Introspection - people reporting their subjective experience of their own mental processes - was a favoured technique among psychology's founding fathers. Today, by contrast, it has a poor reputation, often dismissed as unreliable and unscientific. But in a new paper, Sebastien Marti and colleagues argue that introspection can be accurate and illuminating, providing a useful addition to objective measures.

Ten participants completed a simple dual-task paradigm. First they listened to an auditory tone and pressed one of two keys as fast as possible to indicate whether the tone was high or low pitch. Straight after, they pressed one of two keys as fast as possible to indicate whether a 'Y' or 'Z' had subsequently appeared on a computer screen. When the second decision stage comes too soon after the first, reaction times to the second stage are prolonged - an established effect known as 'the psychological refractory period'.

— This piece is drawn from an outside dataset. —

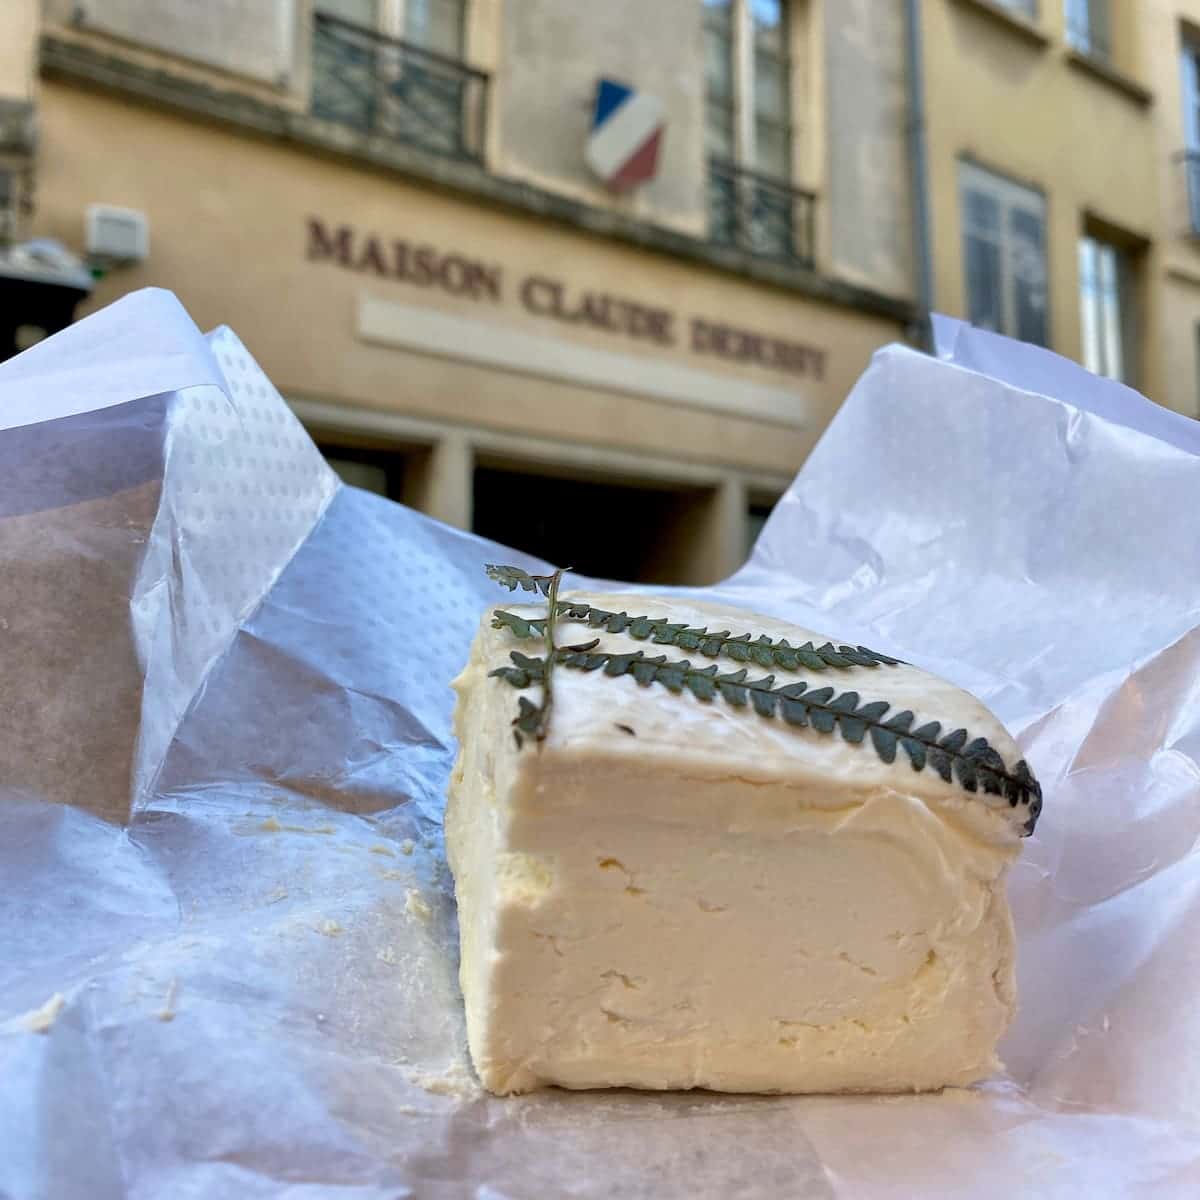 creamy French cheese in its paper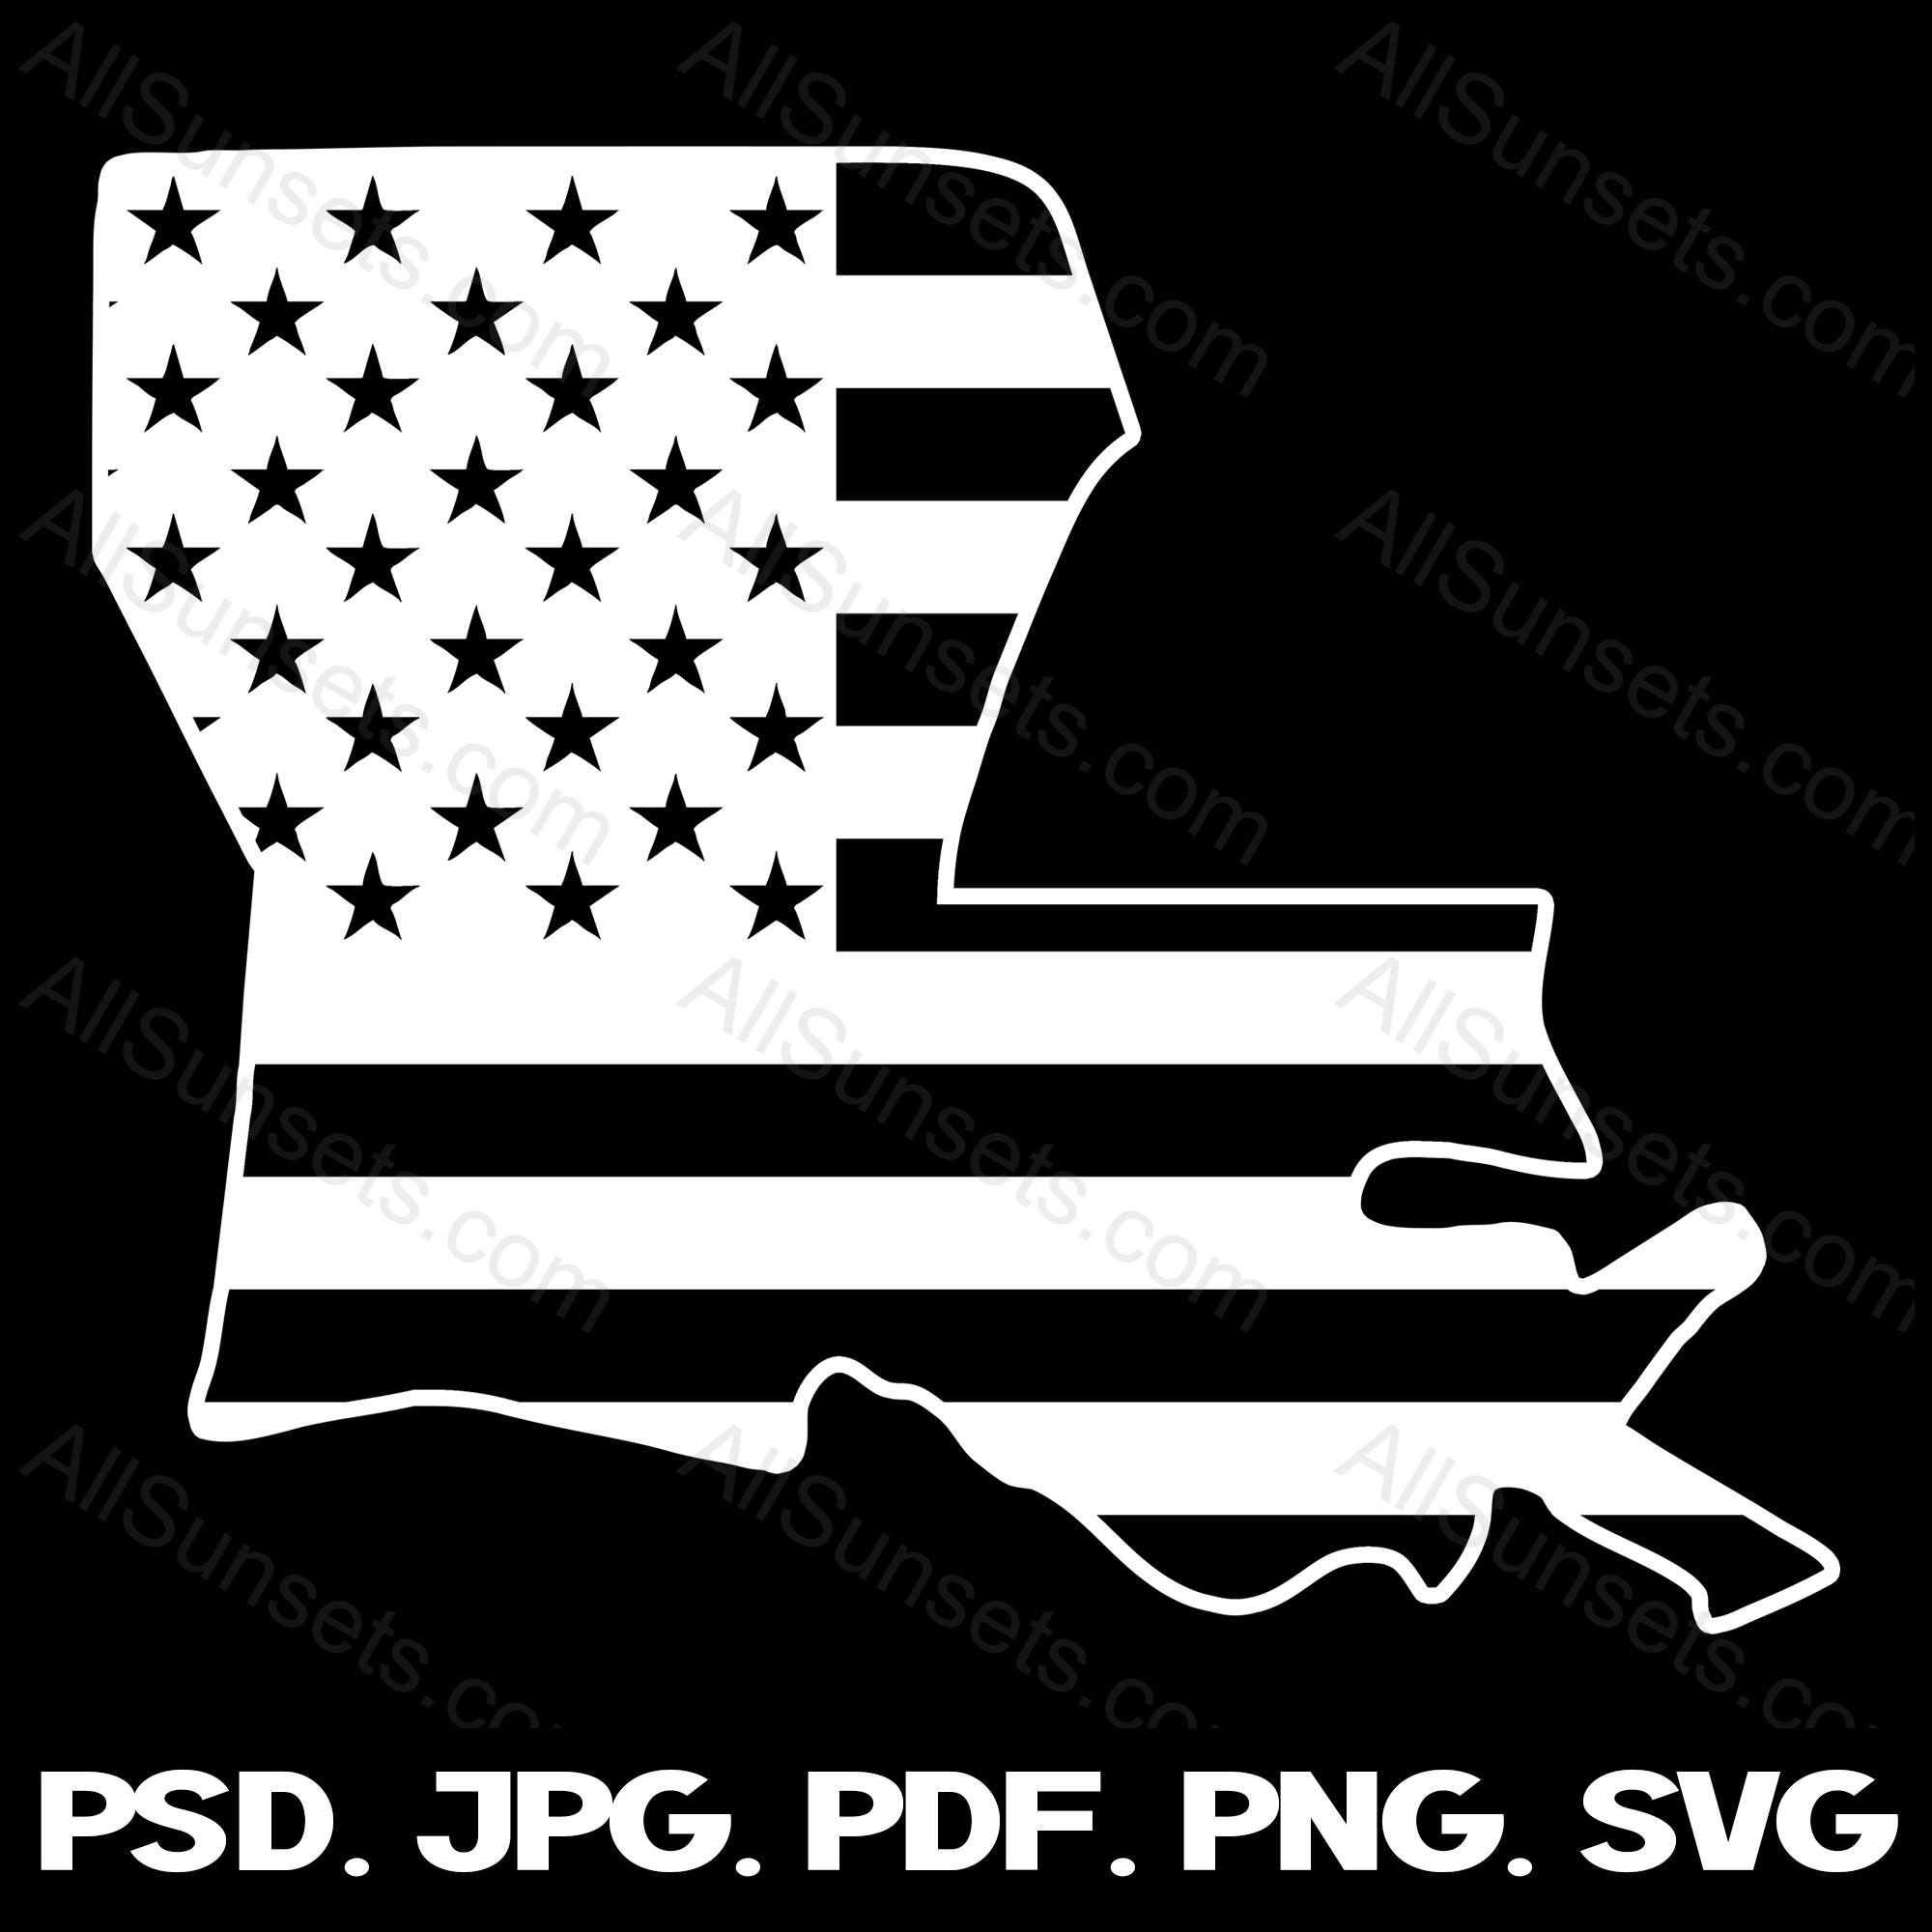 American Flag in Louisiana State Map. Vector Grunge Style with Typography  Hand Drawn Lettering Louisiana on Map Shaped Old Grunge Stock Vector -  Illustration of louisiana, shape: 186906561

The key twist in this study is that the researchers didn't just record participant reaction times, they also asked them to make several subjective estimates after each trial: how long they'd taken to respond to the tone; how long they'd taken to respond to the letter; how soon the letter appeared after the tone; and whether the letter appeared before or after they'd made their decision about the tone. Reaction times didn't vary on introspection versus control trials, suggesting, importantly, that introspection didn't interfere with the basic cognitive processes required to complete the task.

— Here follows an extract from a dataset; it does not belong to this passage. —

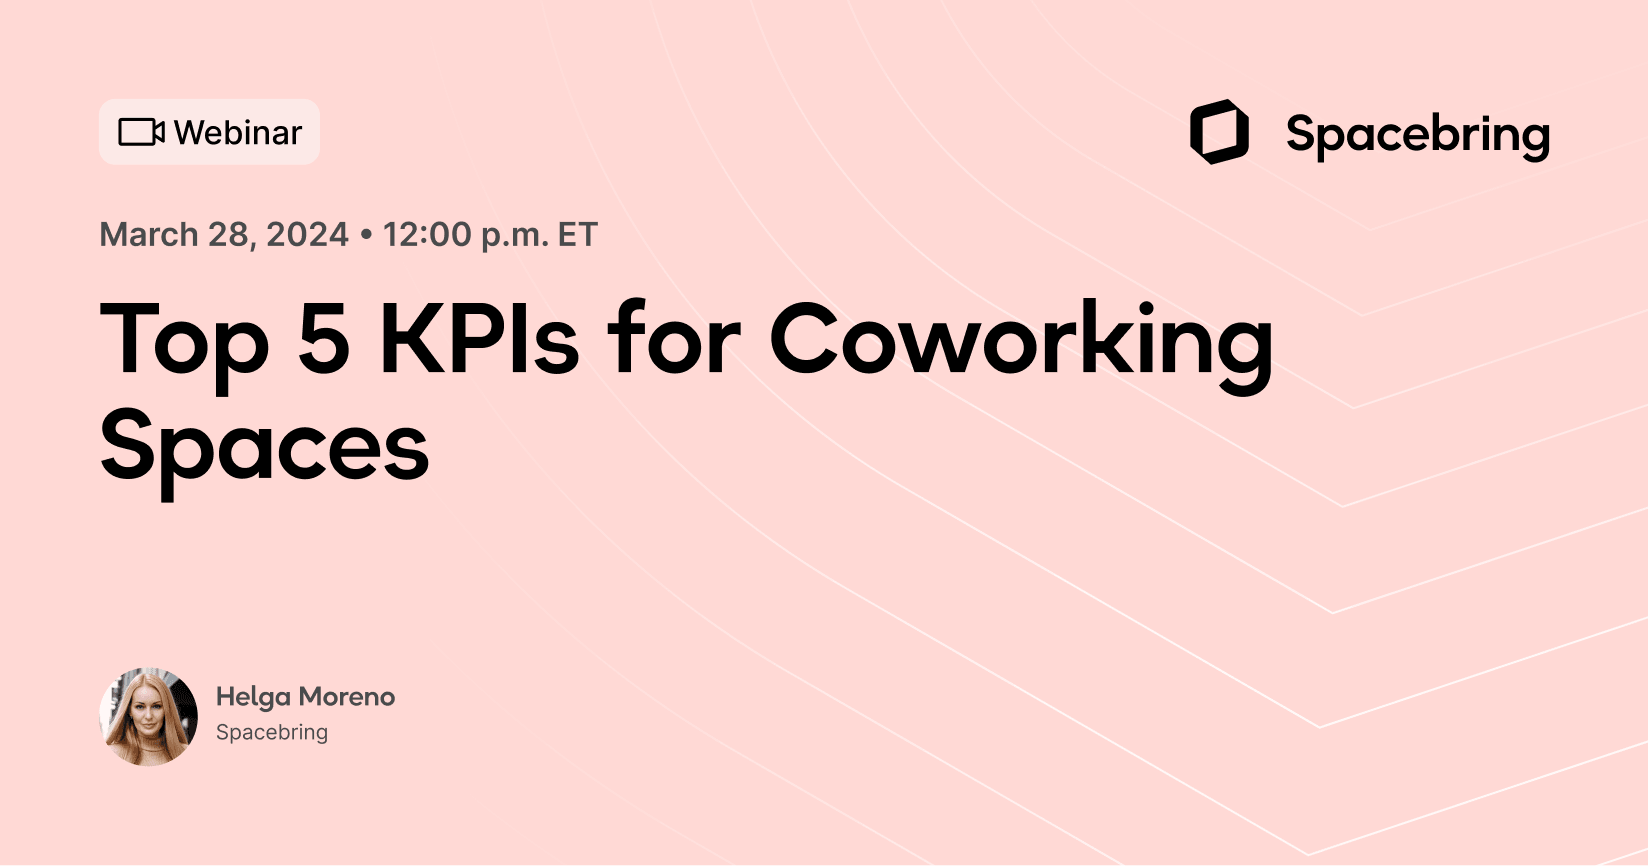 Top 5 KPIs for Coworking Spaces

Participants displayed the usual 'psychological refractory period' and their subjective estimates of their own reaction times and other factors, although under-estimates, were mostly highly correlated with the objective measures. The accuracy of introspection only went awry when the letter appeared too soon after the auditory tone or simultaneously with it. On these trials, not only did participants' reaction times to the letter slow down, it seems they weren't able to start an internal recording of the duration of their reaction time (to the letter) until they had finished processing the tone. Their estimates of the gap between the tone and letter also became inaccurate. It's as if they weren't able to consciously perceive the letter until they'd finished processing the tone. It was a similar story regarding their judgment about whether the letter appeared before or after their auditory decision. Participants were accurate when there was a big enough time delay between tone and letter, but their insight was compromised when the letter appeared too early.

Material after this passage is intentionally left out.